DATASET CONTENT:
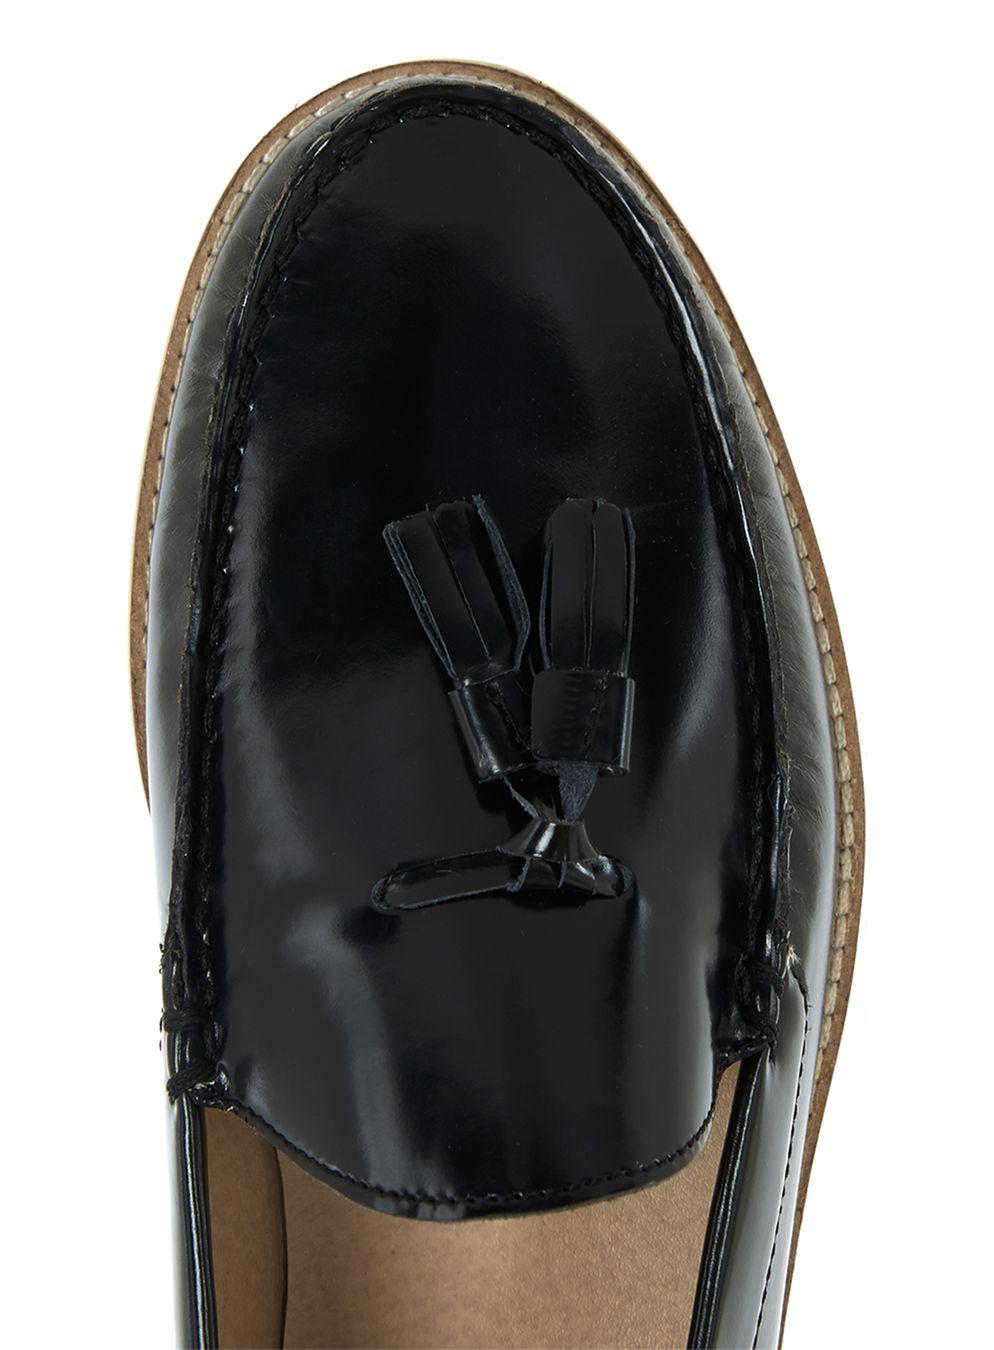 Lyst - TOPMAN Black Leather Tassel Loafer in Black for Men
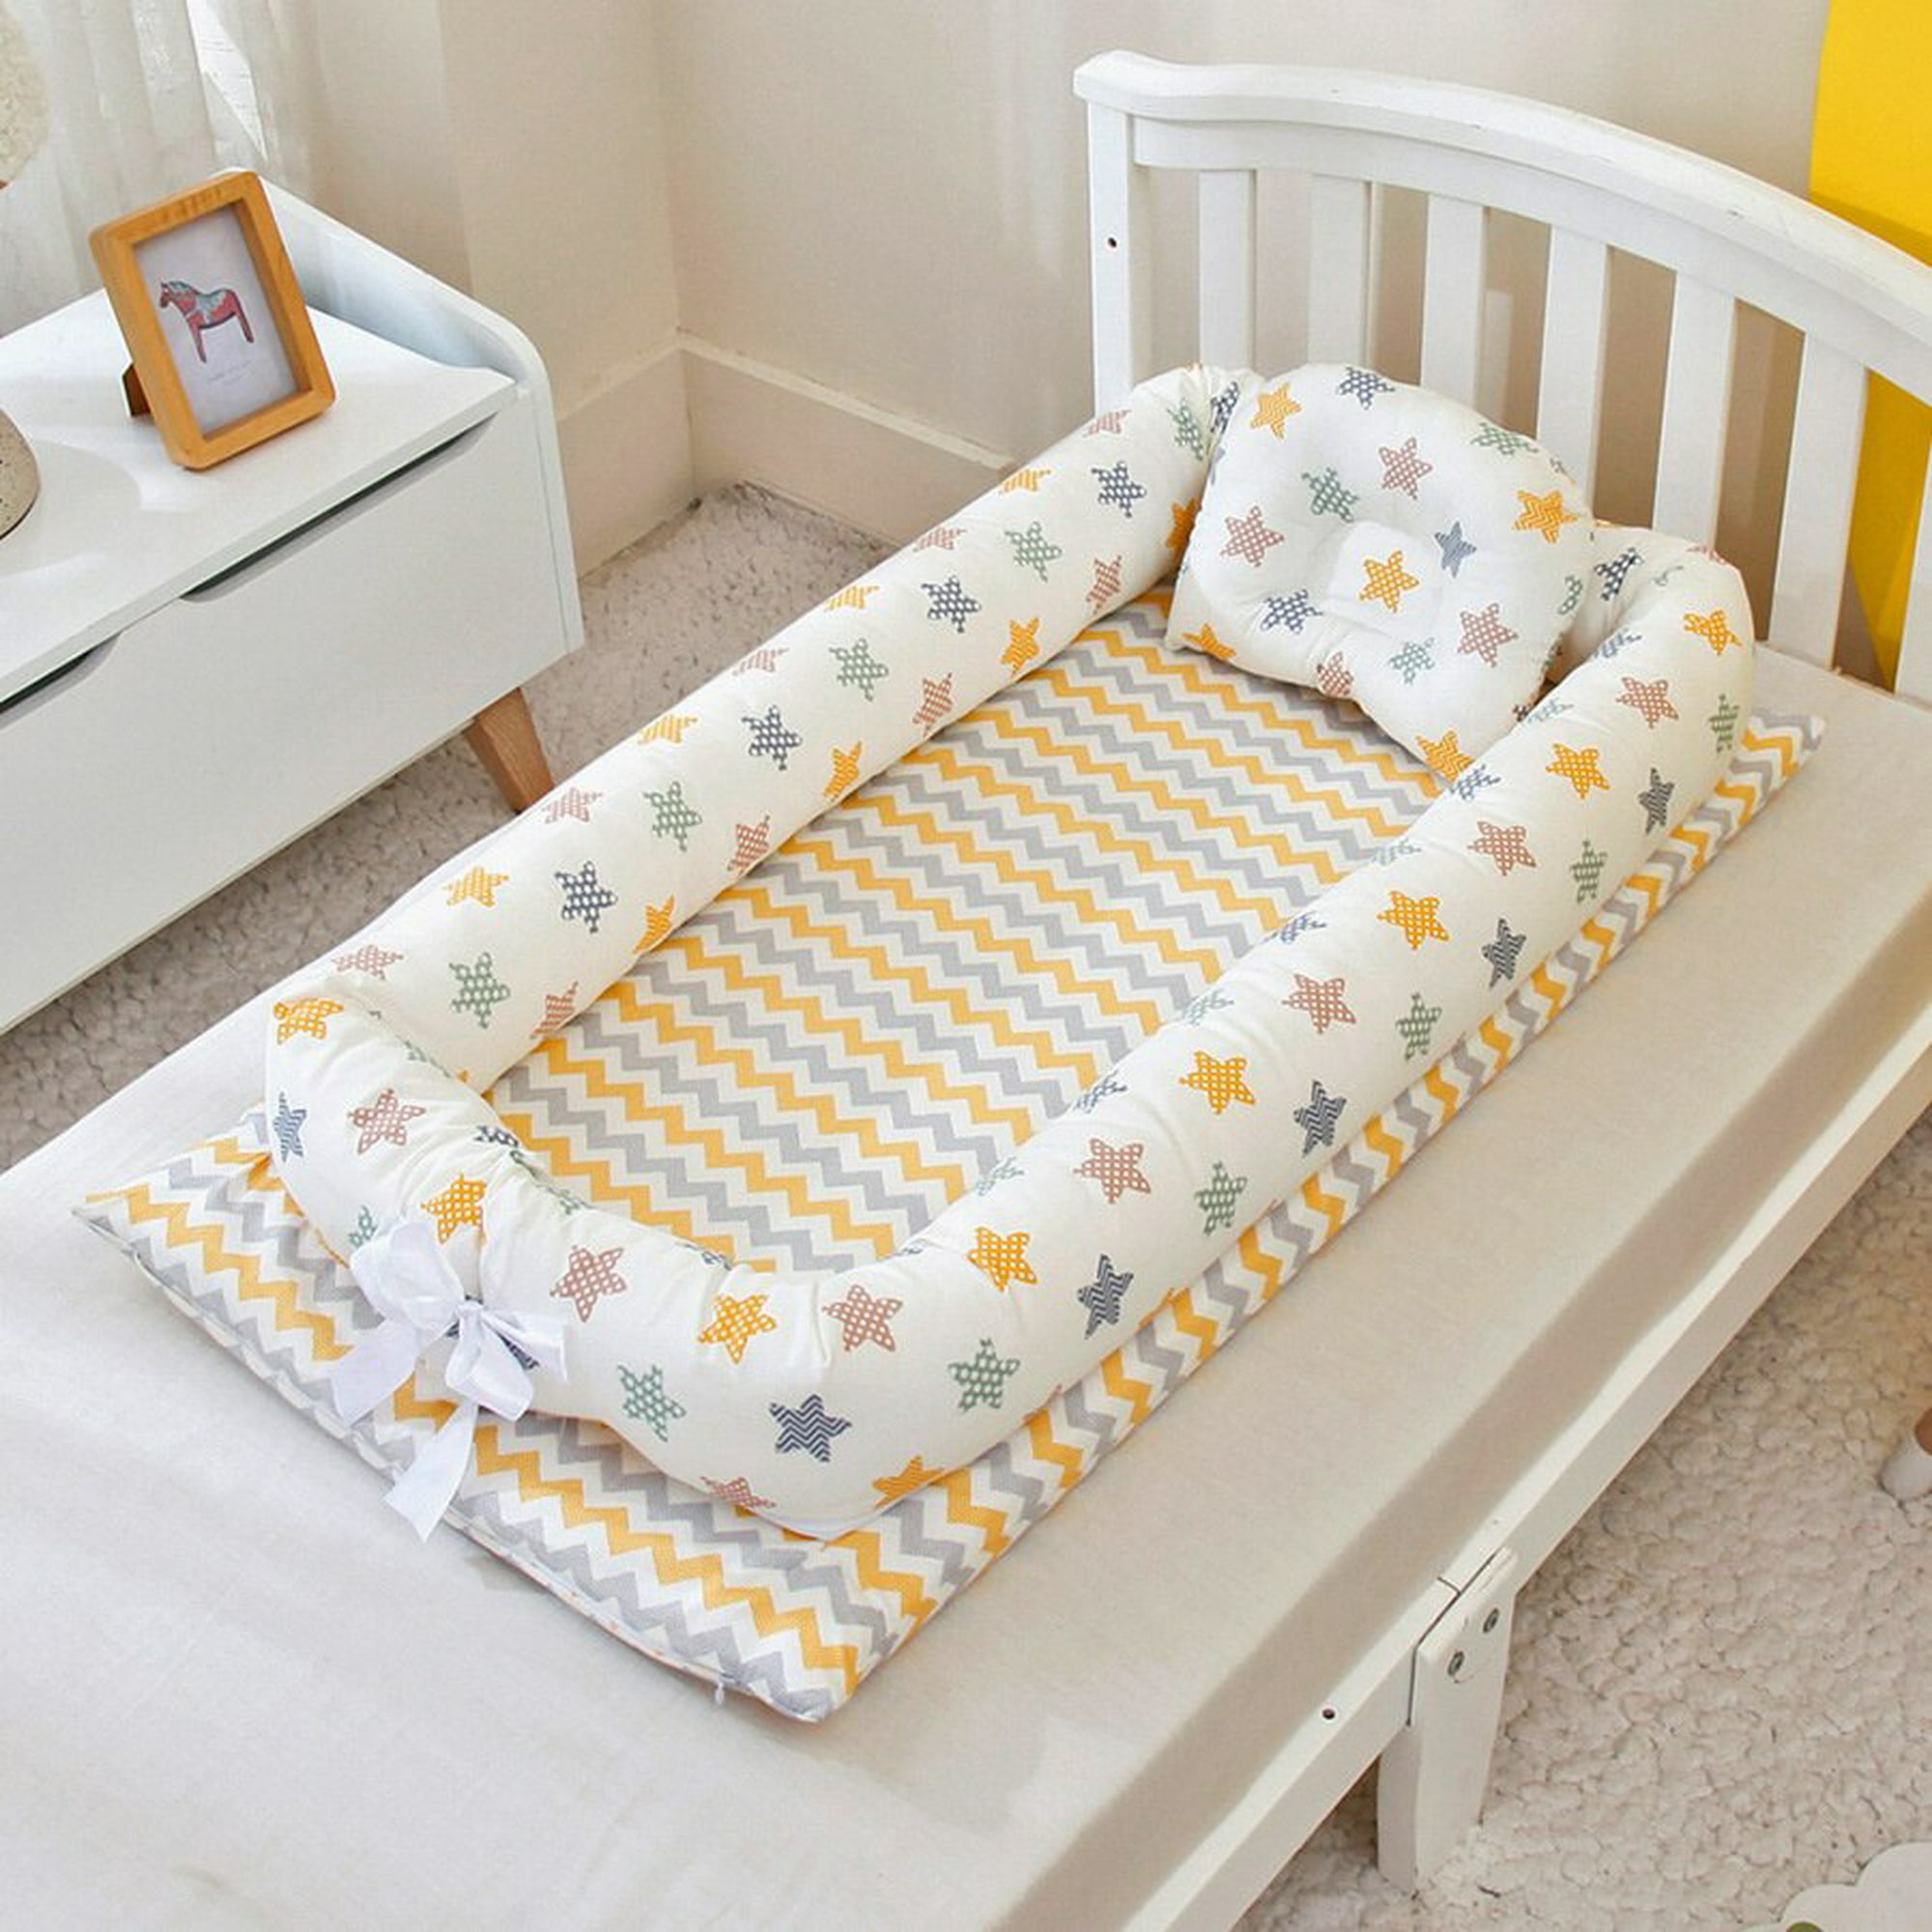 Cuna para bebé, cuna 3 en 1, cama portátil ajustable para bebé, cuna de  bebé recién nacido, cama imprescindible, color gris
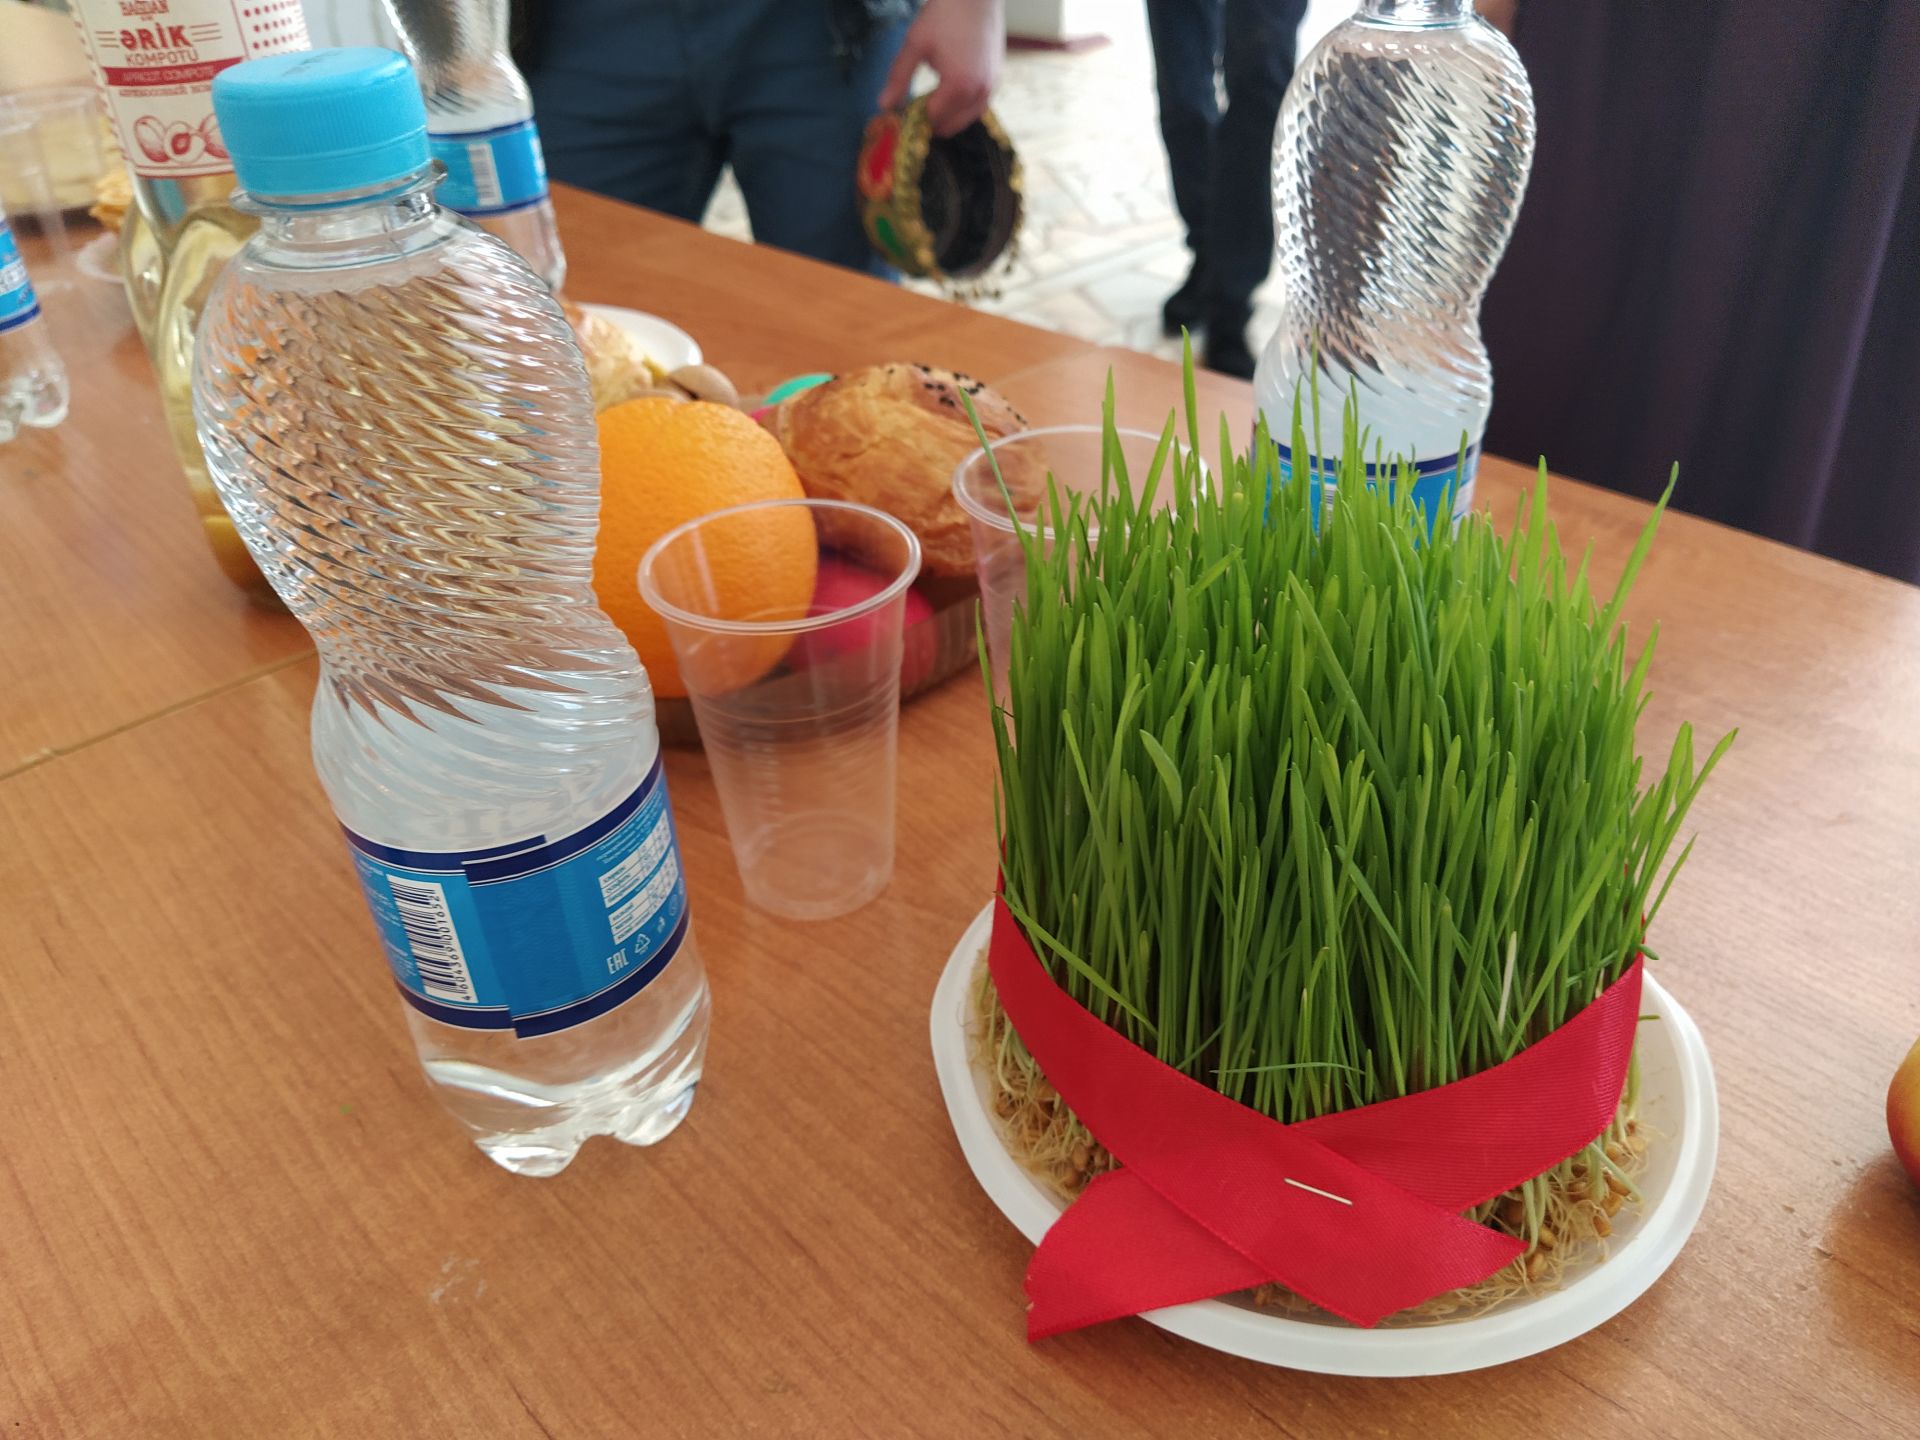 Национальные блюда, игры и танцы: в Чистополе отметили Науруз

TASK TO CARRY OUT:
Give back every line of the material above word for word, leaving out the pictures.

YOUR RESPONSE:
 Lyst - TOPMAN Black Leather Tassel Loafer in Black for Men
 Cuna para bebé, cuna 3 en 1, cama portátil ajustable para bebé, cuna de  bebé recién nacido, cama imprescindible, color gris
 Национальные блюда, игры и танцы: в Чистополе отметили Науруз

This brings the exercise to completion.